**Dataset extract:**
■ ■ ■ ■ ■ ■ ■
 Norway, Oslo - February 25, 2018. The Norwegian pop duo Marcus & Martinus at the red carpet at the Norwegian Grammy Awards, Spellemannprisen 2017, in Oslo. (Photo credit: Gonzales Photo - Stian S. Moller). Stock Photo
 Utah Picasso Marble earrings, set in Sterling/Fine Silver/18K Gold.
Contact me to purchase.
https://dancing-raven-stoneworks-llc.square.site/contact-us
■ ■ ■ ■ ■ ■ ■
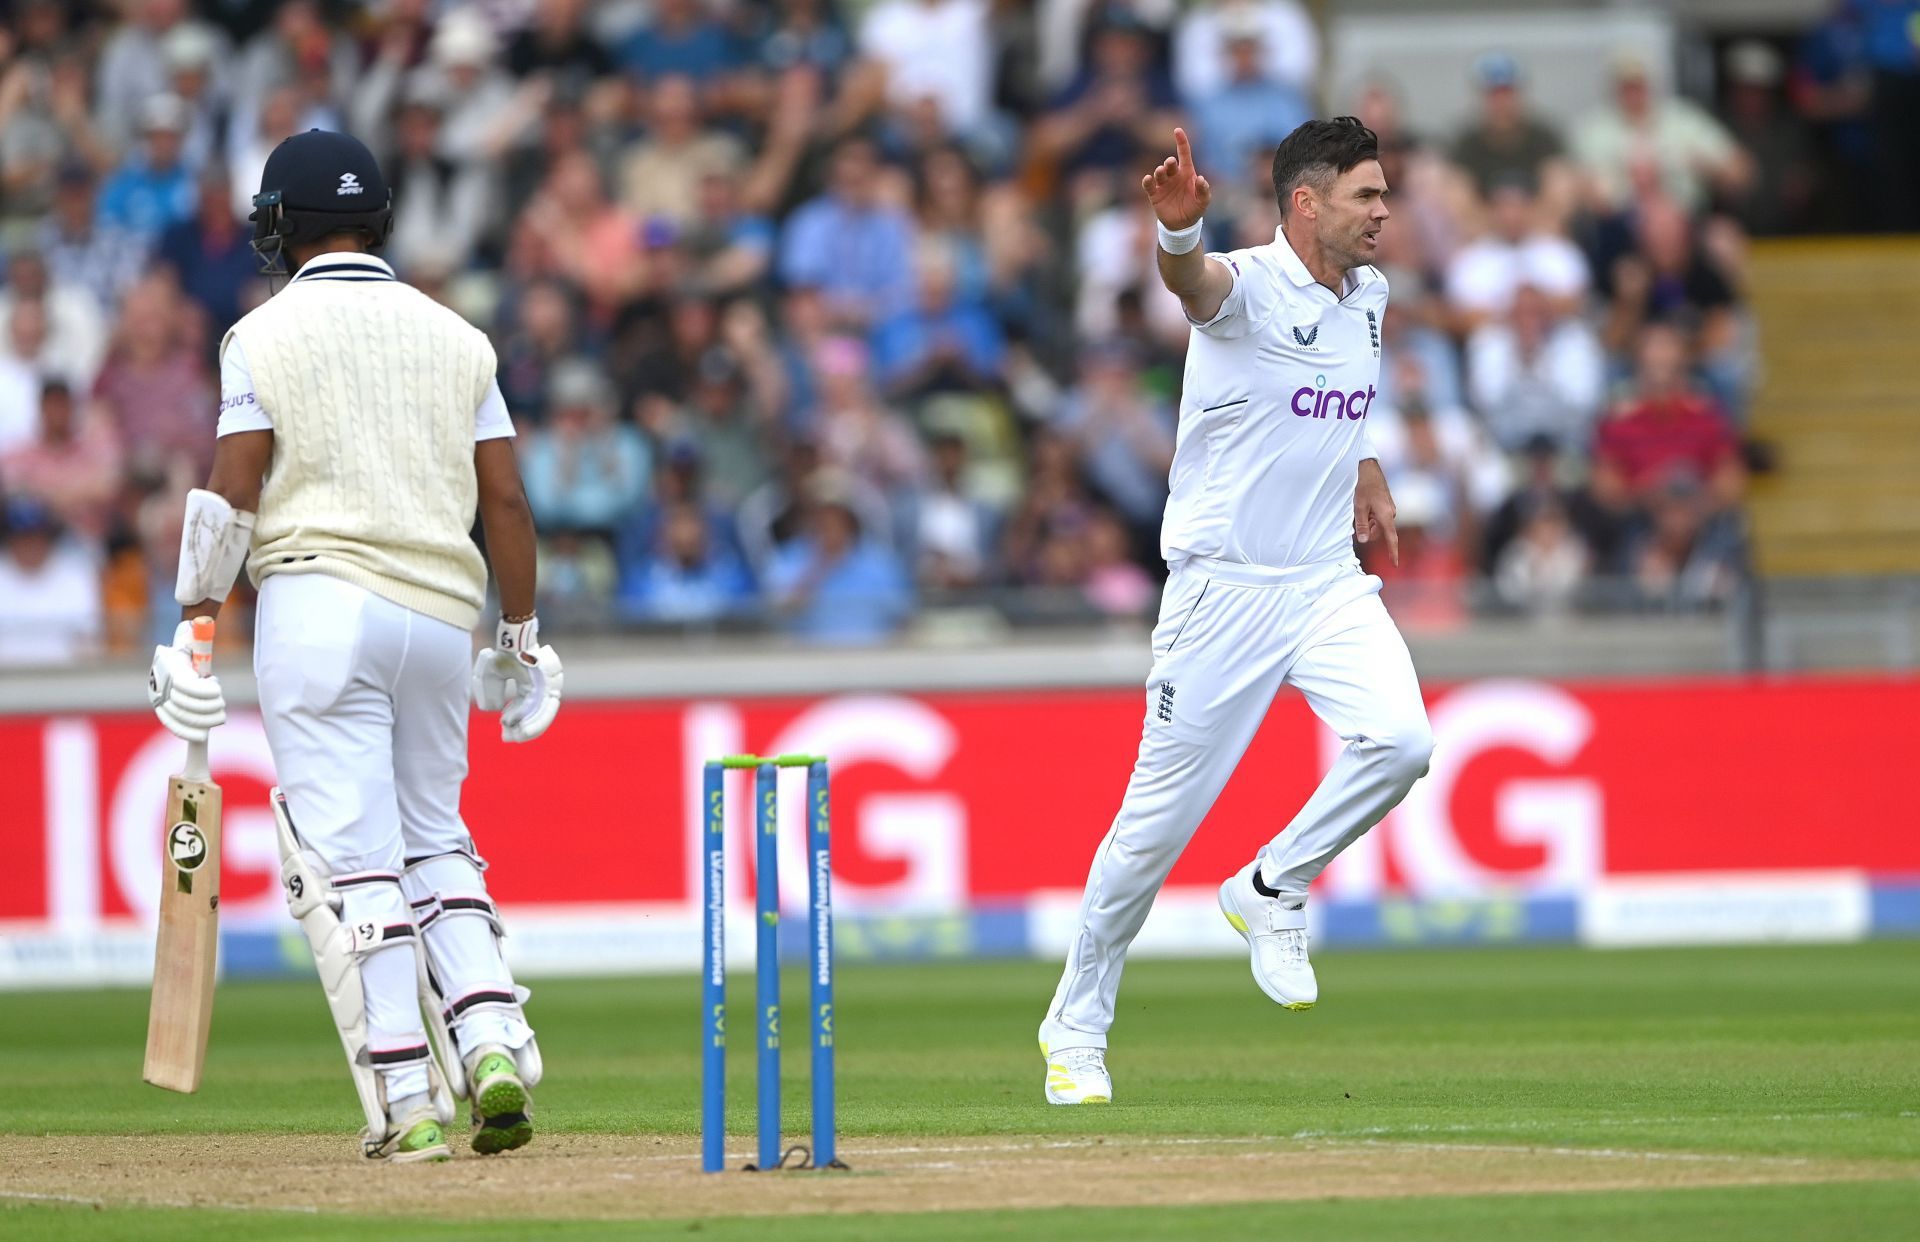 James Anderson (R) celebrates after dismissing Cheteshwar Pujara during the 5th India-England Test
■ ■ ■ ■ ■ ■ ■
**Your task:** Transcribe each line of the data above, unaltered, from the one where "Norway, Oslo - February" appears to the one where "https://dancing-raven-stoneworks-llc.square.site/contact-us" appears, inclusive of both.

**Result of the exercise:**
 Norway, Oslo - February 25, 2018. The Norwegian pop duo Marcus & Martinus at the red carpet at the Norwegian Grammy Awards, Spellemannprisen 2017, in Oslo. (Photo credit: Gonzales Photo - Stian S. Moller). Stock Photo
 Utah Picasso Marble earrings, set in Sterling/Fine Silver/18K Gold.
Contact me to purchase.
https://dancing-raven-stoneworks-llc.square.site/contact-us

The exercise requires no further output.